When to call a professional
You can do many of these steps yourself with time and care. But if you have heave-prone clay, tight access, large trees, or a boundary dispute, call in a pro. Search for fencing contractors near me, speak to a few firms, and ask how they deal with wind load and bad ground. Ask about post depth, footing shape, and rail sizes, not just panel style. A good fencing contractor will talk you through the build, not just the look.
As established fencing contractors, we tackle exposed gardens, corner plots, and tricky ground every week. If you want to discuss options or compare systems, you can get in touch through our site at Care Fencing.
Leeds and the surrounding area
Local weather patterns matter. In and around Leeds, winds funnel down certain valleys and across open estates. Many gardens sit on clay, which moves with the seasons. That is why we focus on deeper posts, better drainage, and strong corners. If you are in the city and looking for a fence company near me, see our local page for projects and advice at Fencing Leeds.
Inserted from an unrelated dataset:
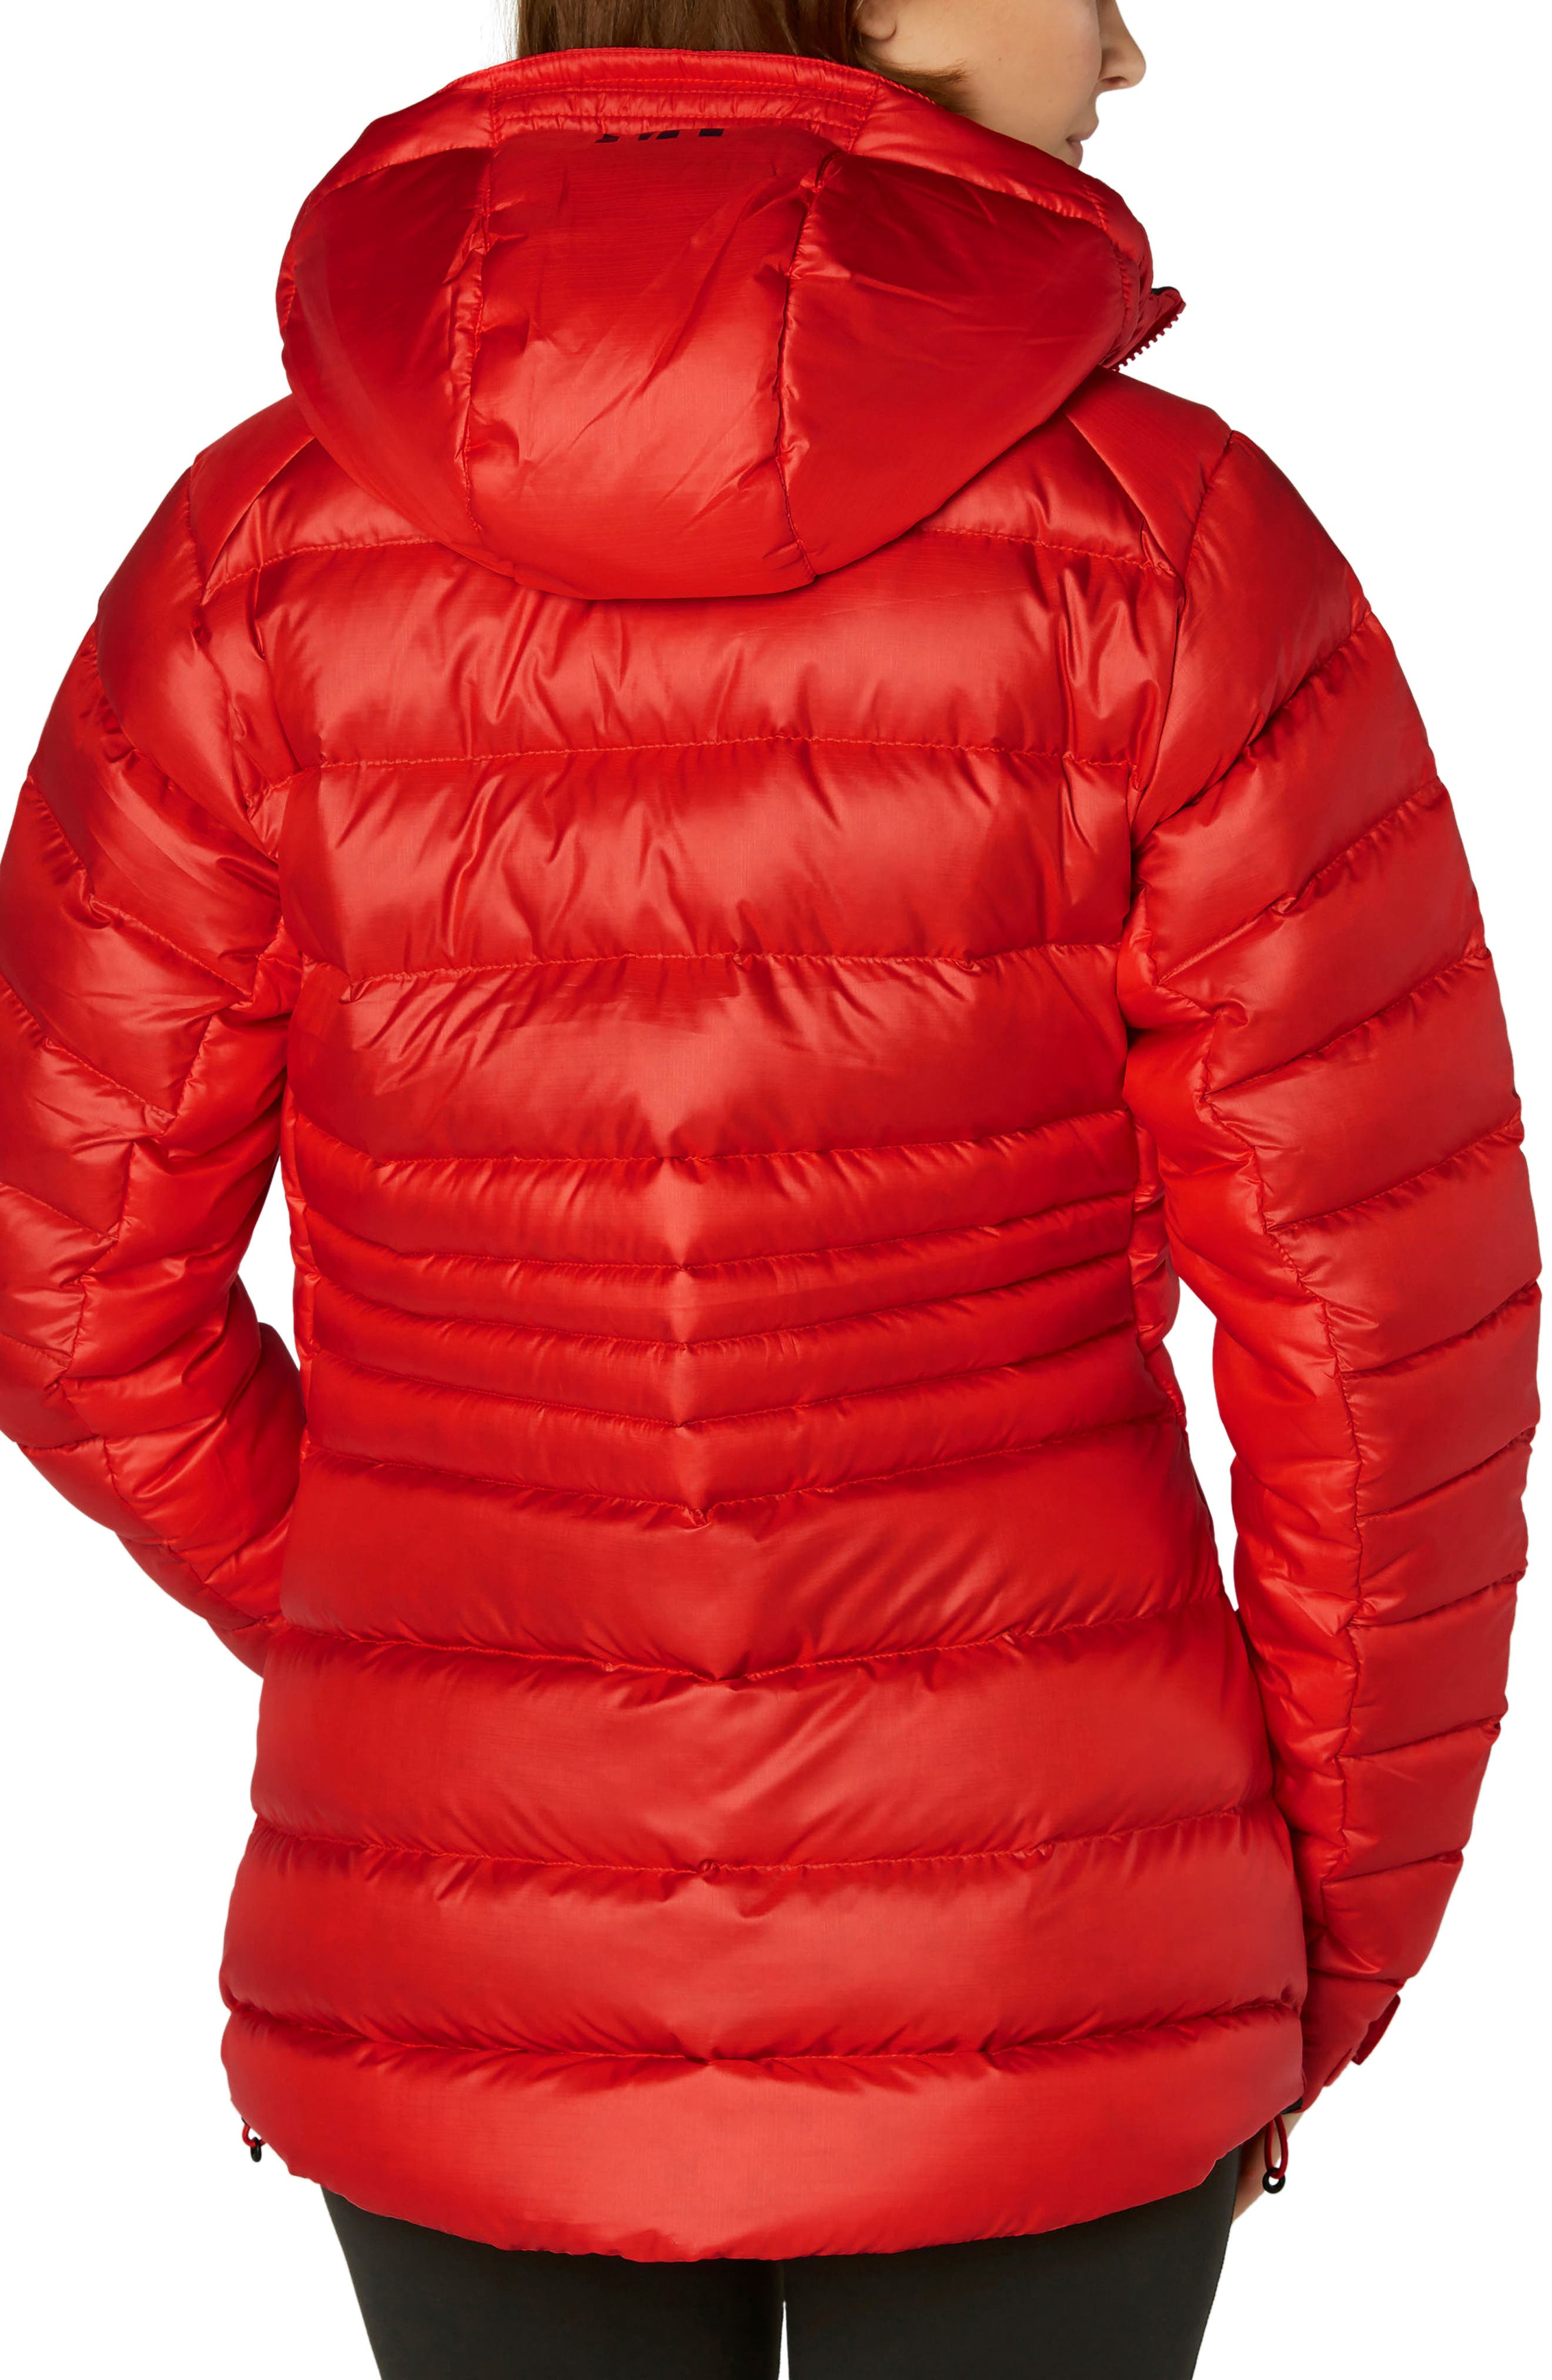 Vanir Icefall Down Jacket,                             Alternate thumbnail 2, color,                             106 Melt Down
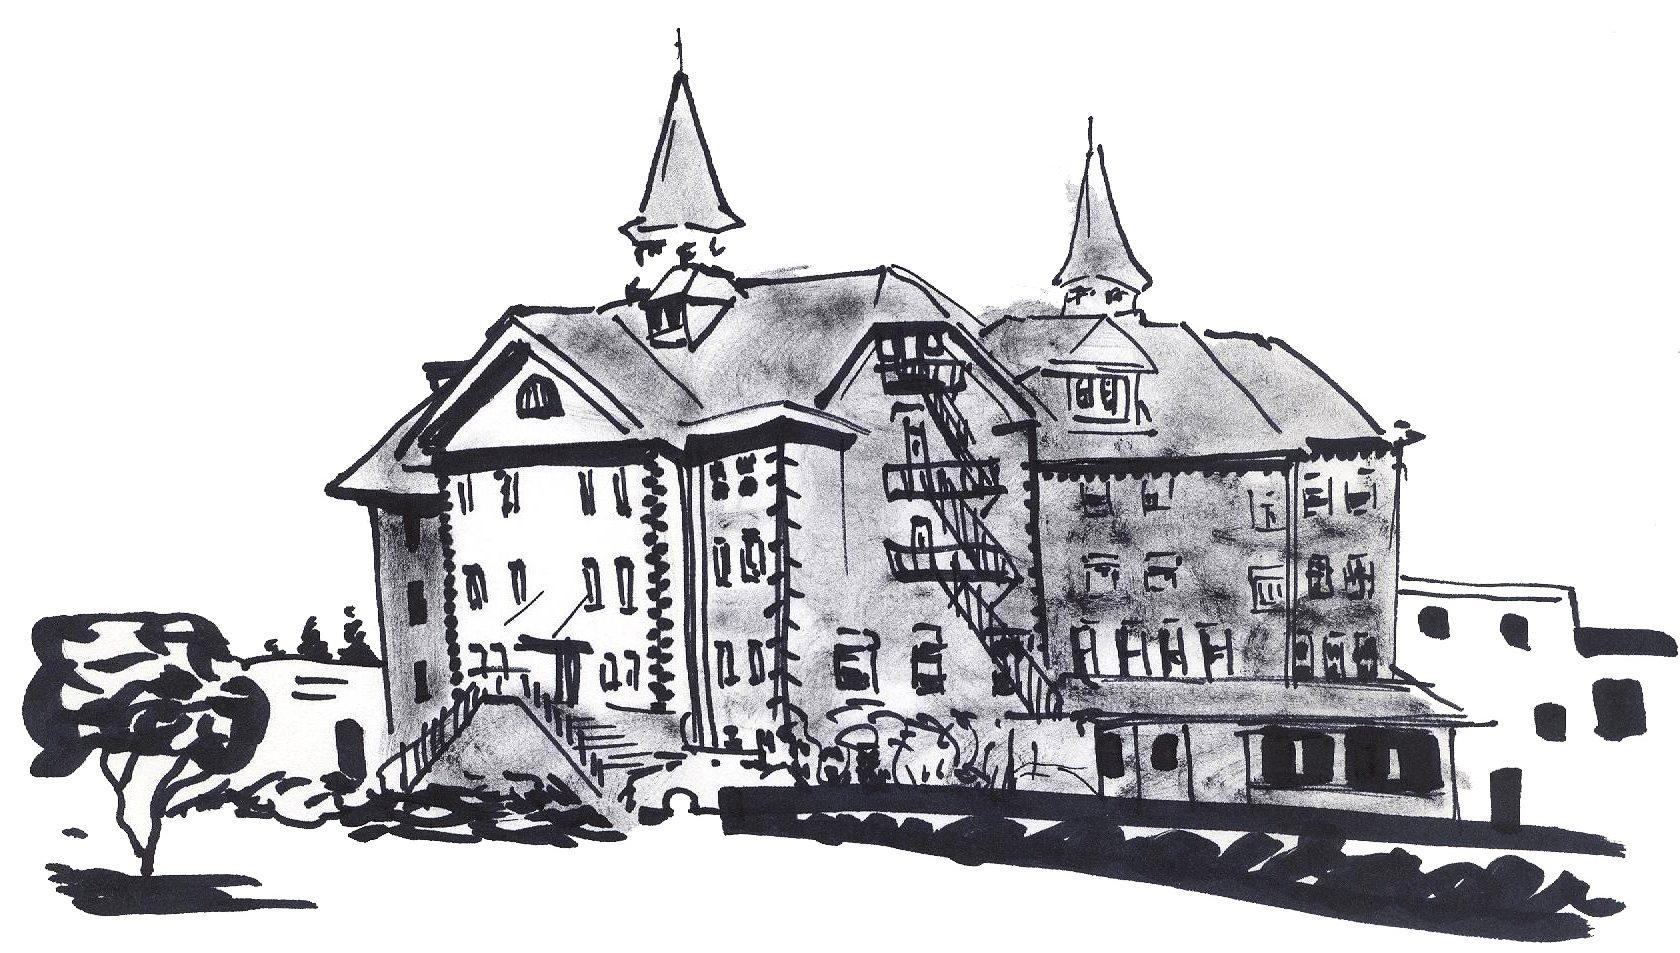 ink sketch olarge forbidding old institution

Final checks before the next storm
Walk your fence before winter and after the first big blow. Check corners and gates first. Look for movement at the base, fresh gaps around the post, and rails that have started to pull. Tighten fixings, trim growth, and clear soil away from timber. Small jobs now prevent big repairs later.
A calm, durable way to build
Storm ready fencing is not about over-building. It is about getting the basics right and matching the design to the site. Strong posts set deep in well-shaped footings. Rails sized for the span and fixed with care. Panels chosen for wind and privacy, not only for price. Gravel boards that keep the base dry. Bracing at corners and gates. Regular checks. Build this way and you will spend less time searching for fencers near me and more time enjoying a fence that does its job. And if you ever want a second opinion or a firm to take the strain, our fencing services are a conversation away.